Implementing a Dictionary with an Array-Like Structure

In the previous section , we discussed how linked lists could be used to implement a dictionary. An alternative to a linked list would be an array. A couple of other alternatives are the non-generic System.Collections.ArrayList or the generic System.Collections.Generic.List<T> . These classes are similar to singly-dimensioned arrays, but they can grow as needed. In this respect, they are like a StringBuilder , but instead of storing chars, an ArrayList stores object?s and a List<T> stores instances of the type parameter T. Elements can be retrieved from instances of these classes using indexing, just like retrieving an element from an array.

Assuming we restrict the keys to be non-nullable sub-types of IComparable<TKey>, where TKey is the key type, we can store the keys in order in any of these data structures. We can then search for a key in the same way as we described for a linked list. However, such a search can be expensive - to search for a key that is larger than any key in the dictionary, we need to examine all of the keys. We say that the performance of this sequential search is in $ O(n) $, where $ n $ is the number of keys in the dictionary. This means that as $ n $ grows, the time required for the search is at worst proportional to $ n $.

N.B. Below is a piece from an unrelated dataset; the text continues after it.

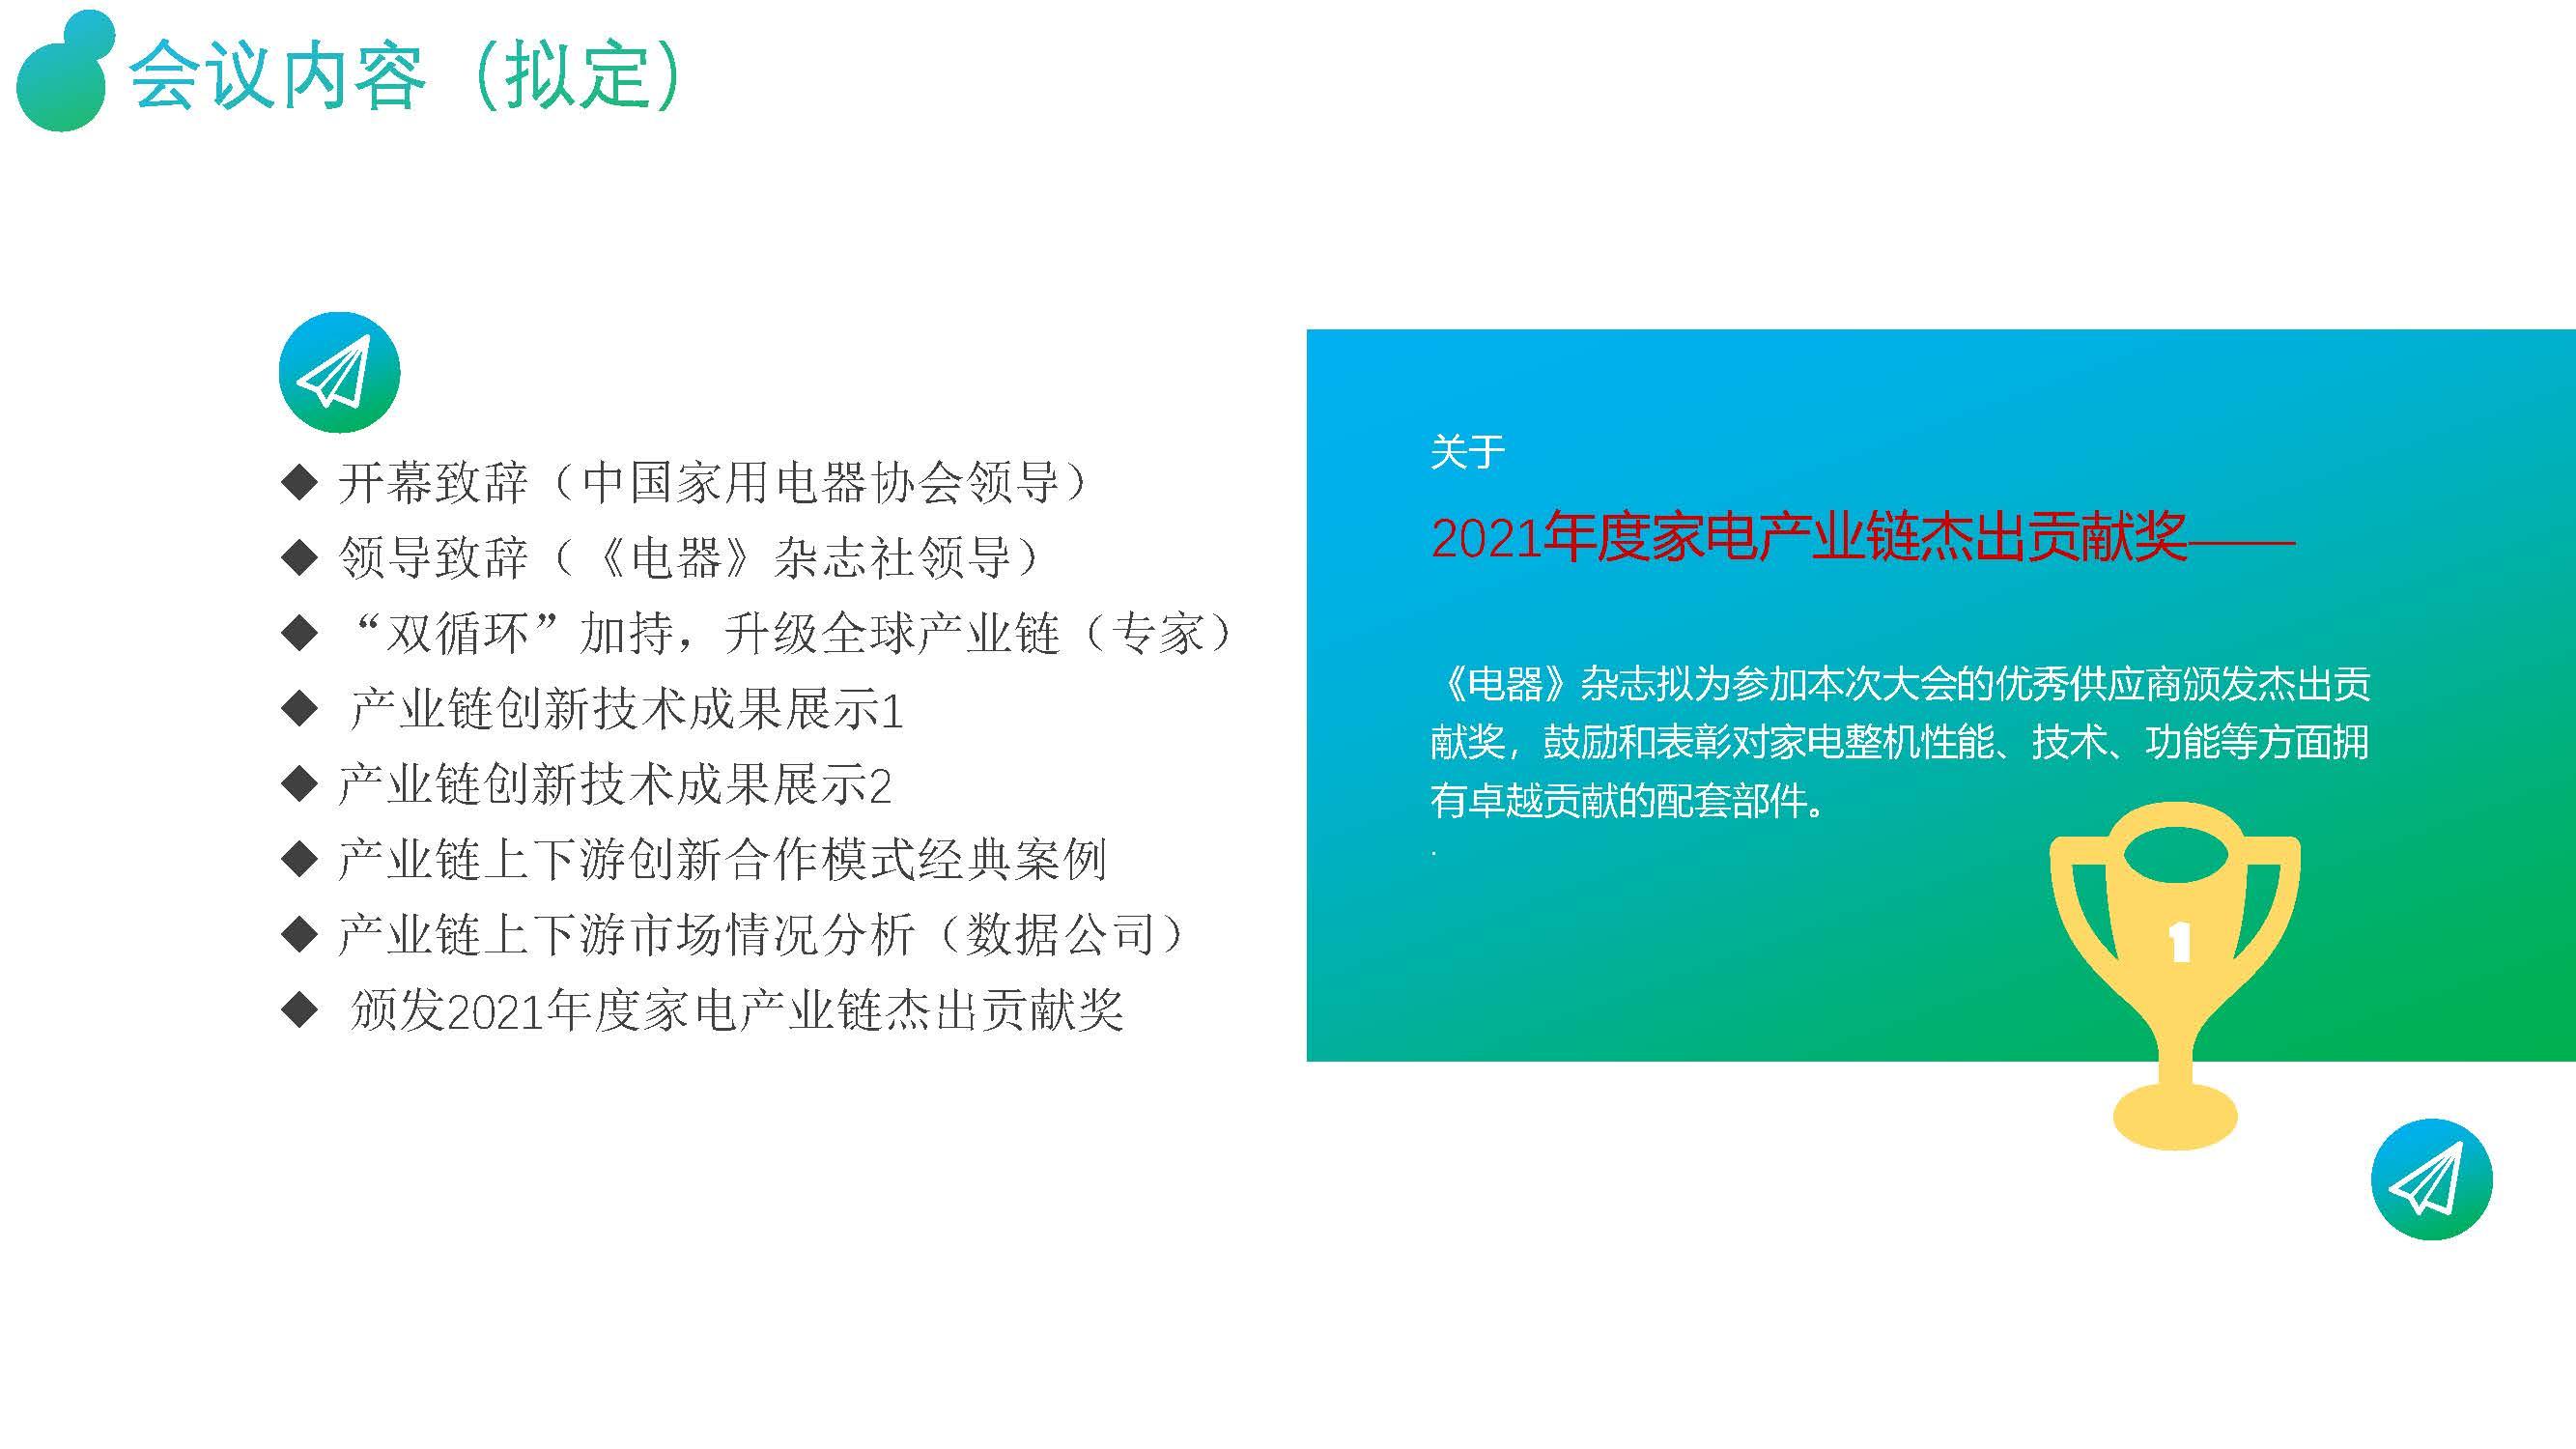 2021产业联大会方案 上交!_页面_08.jpg

We can improve this performance dramatically for an array or array-like structure such as an ArrayList or a List<T> using a technique called binary search (there isn’t much we can do to improve the performance of searching a linked list, as its structure restricts us to traversing it sequentially). The idea is similar to what humans do when looking for something in an ordered list such as a dictionary or an index of a book. Rather than looking sequentially through the sequence, we first look in the middle and narrow our search space depending on how what we are looking for compares with what we are looking at. For example, if we are looking for “Les Miserables”, we first look in the middle of the sequence, where we might see “Othello”. Because “Les Miserables” is alphabetically less than “Othello”, we can narrow the search space to those titles less than “Othello”. In the middle of this search space, we might find the title, “Great Expectations”. Because “Les Miserables” is alphabetically greater than “Great Expectations”, we narrow the search space to those titles greater than “Great Expectations” and less than “Othello”. We continue narrowing in this way until either we find “Les Miserables” or the search space becomes empty, implying that the data set does not contain this title.

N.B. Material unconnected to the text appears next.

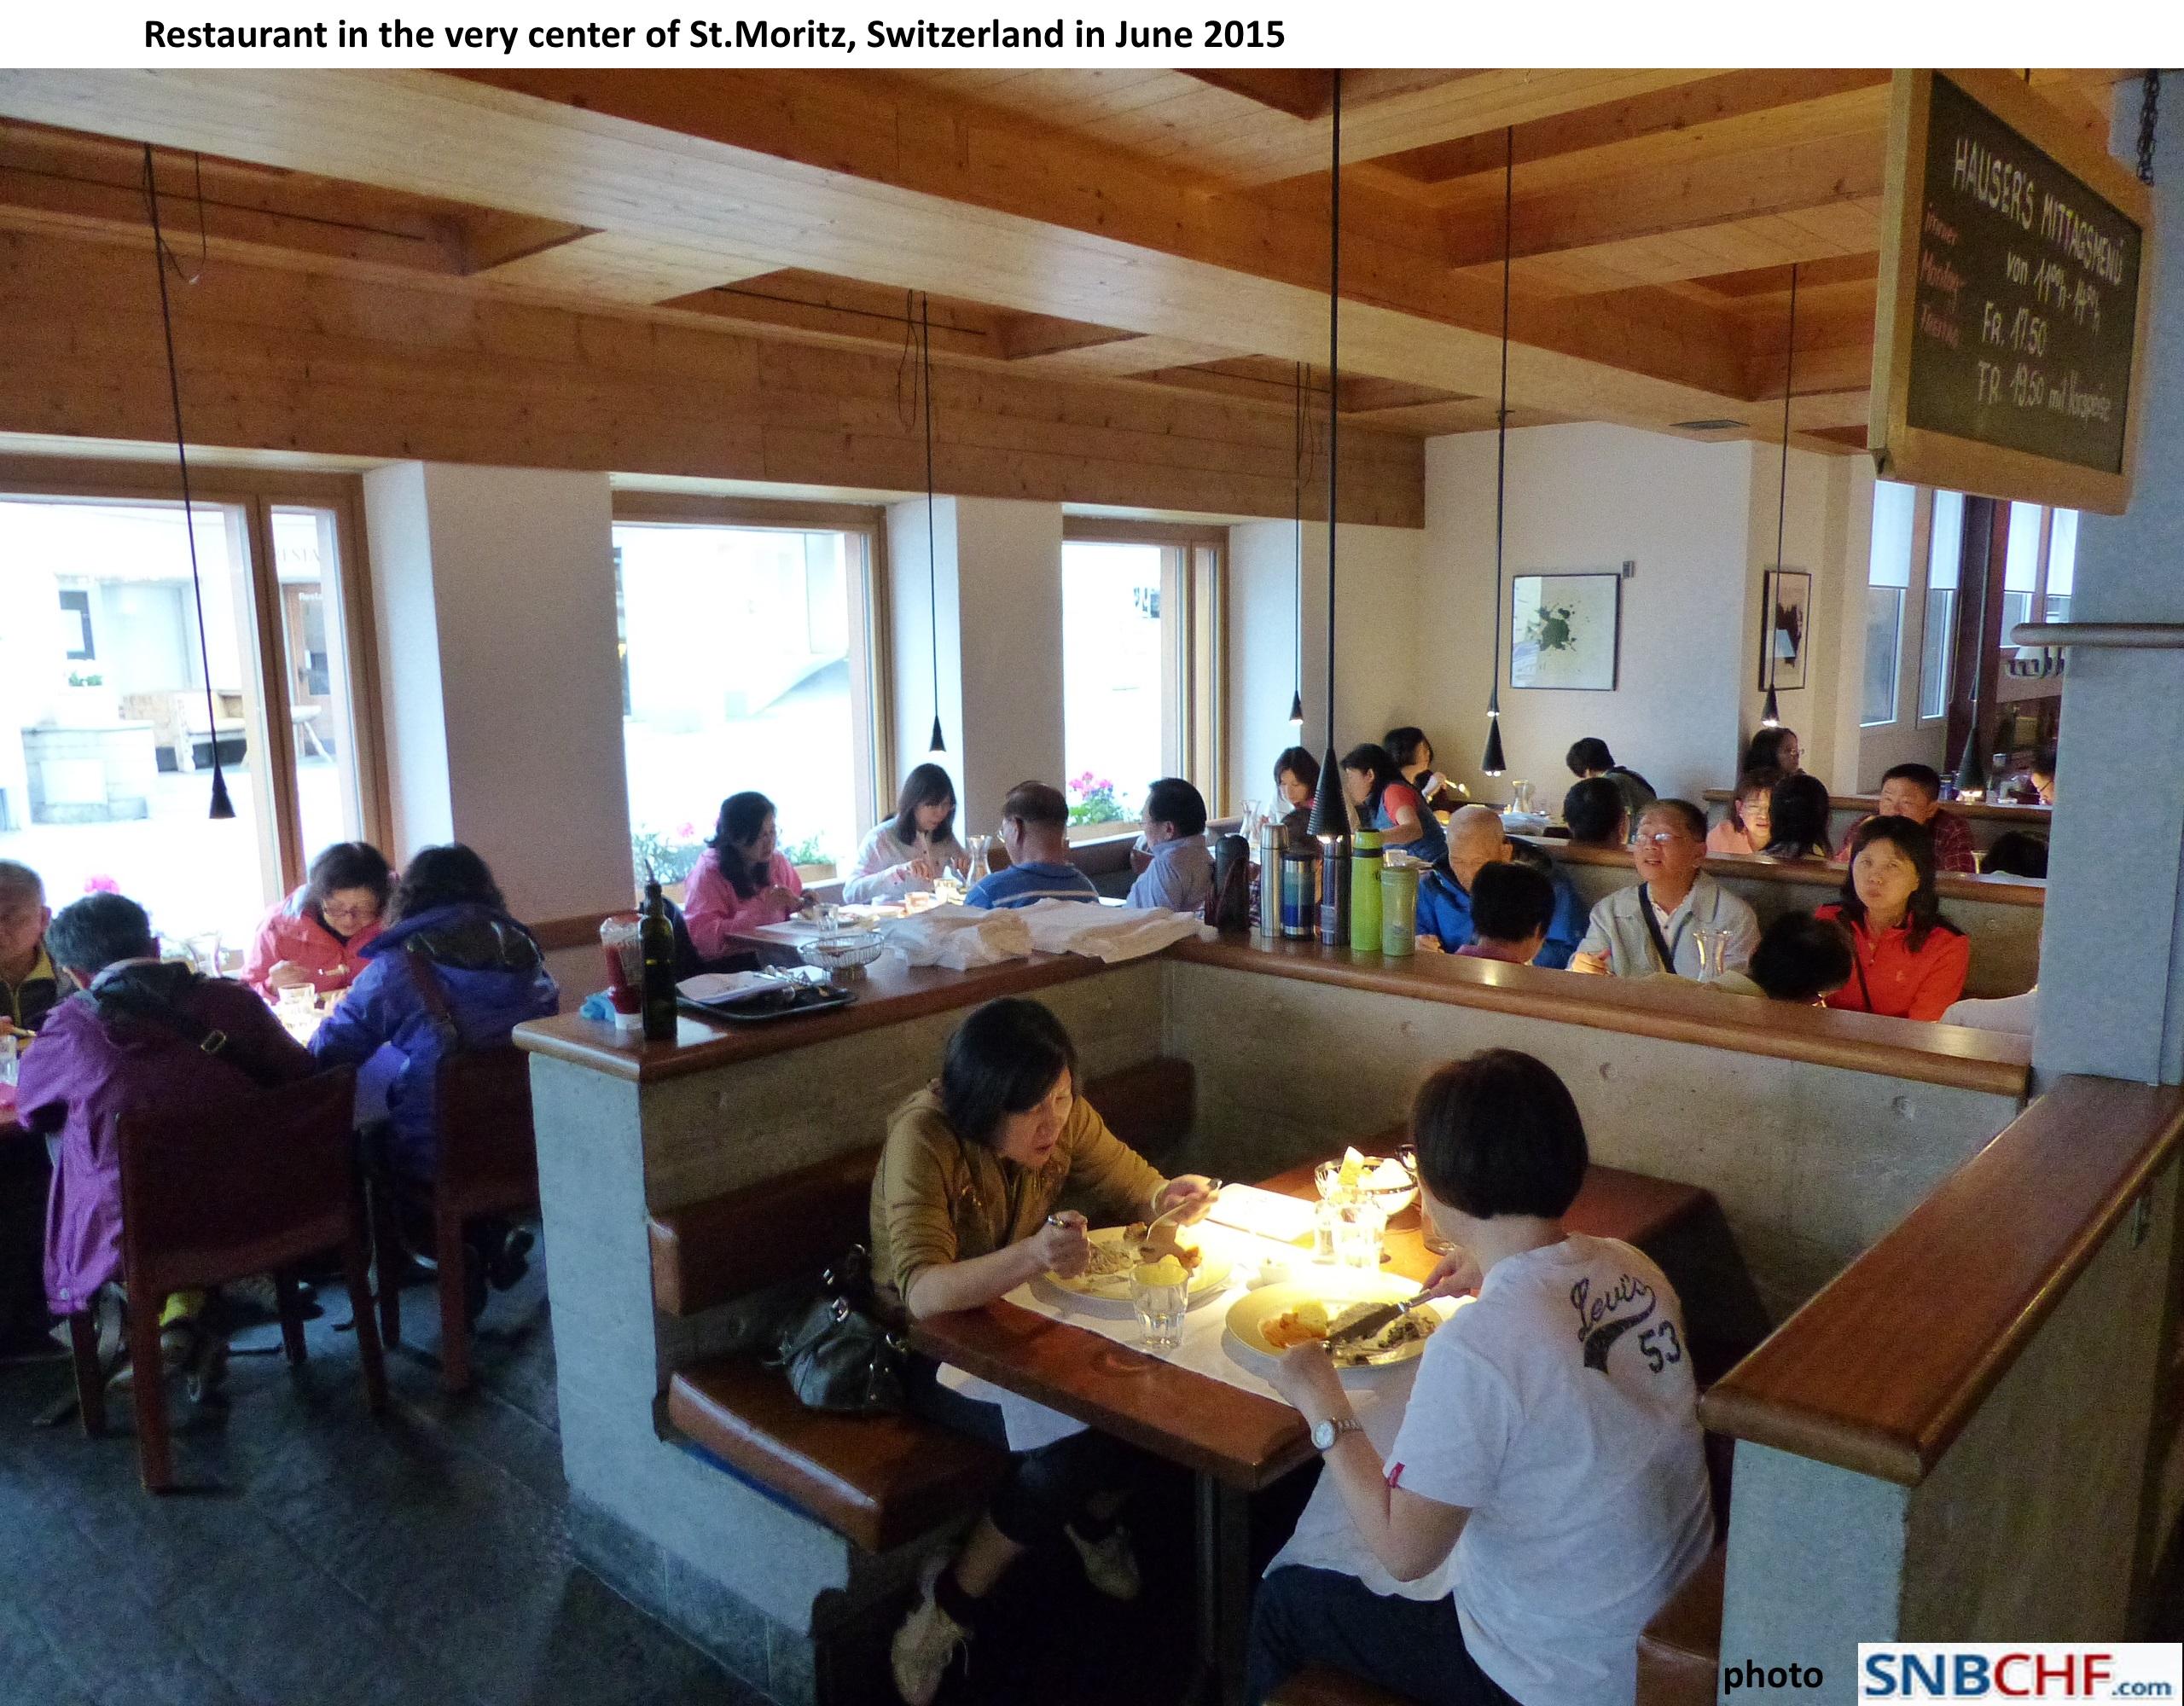 St. Moritz Restaurant Full Chinese2

In a binary search, each lookup is as nearly as possible in the center of the search space. This means that each time we look at an entry, we either find what we are looking for, or we decrease the size of the search space to at most half its previous size. For large data sets the search space therefore shrinks rapidly. For example, if we start with 1,000,000 elements and repeatedly reduce the search space to at most half its previous size, after 20 such reductions, we are left with nothing. Likewise, if we start with 1,000,000,000 elements, 30 such reductions in size lead to an empty search space.

To implement this algorithm, we need to keep track of the search space. We will use two int variables, start and end. start will keep track of the first index in the search space, while end will keep track of the first index past the search space, as follows:

The search space for binary search The search space for binary search

The way we have defined end may seem unnatural at first, but because it simplifies various calculations, it is a common way of describing a search space. For example, the number of elements in such a search space is simply the difference between end and start, and to describe an entire array, we can initialize start to 0 and end to the array’s length.

We then need a loop to iterate as long as this search space is nonempty (we can return from inside this loop if we find what we are looking for). On each iteration, we need to find the midpoint of the search space. This midpoint is simply the average of start and end - i.e., their sum divided by 2. We need to be a bit careful here because we are doing integer division, which may involve truncation. As a result, we may not get exactly the average. In any case, we need to ensure that the index we compute is within the search space - otherwise, we may not reduce the search space, and an infinite loop will result. Because the search space is nonempty, start < end; hence, the true average is strictly between start and end. If this average is not an integer, the result will be rounded down to the next smaller integer. Because start is an integer, this result will be no less than start, but less than end; hence it will be in the search space.

Once we have computed this midpoint, we need to compare the key of the element at that location with the key we are looking for. Recall that we use the CompareTo method to do this comparison. Note that for large key types, the CompareTo method can be expensive. For this reason, it is best to call the CompareTo method only once for a given pair of keys, and if necessary, save the result it returns in order to make more than one comparison between this result and 0.

Thus, once we have obtained the result of the CompareTo method, we need to determine which of the three cases we have. If the keys are equal, we should be able to return. If the key we are looking for is less than the key at the midpoint, we need to adjust end. Otherwise, we need to adjust start. We are then ready for the next iteration of the loop.

If the loop finishes without returning, then the search space is empty; hence, the key we are looking for is not in the data set. However, start will end up at the point at which this key could be inserted; hence, the binary search can be used for both lookups and insertions.

Binary search is a very efficient way to search an ordered array-like structure. In particular, it always makes no more than $ O(\log n) $ comparisons, where $ n $ is the number of elements in the data set. The $ \log $ function grows very slowly - much more slowly than $ n $.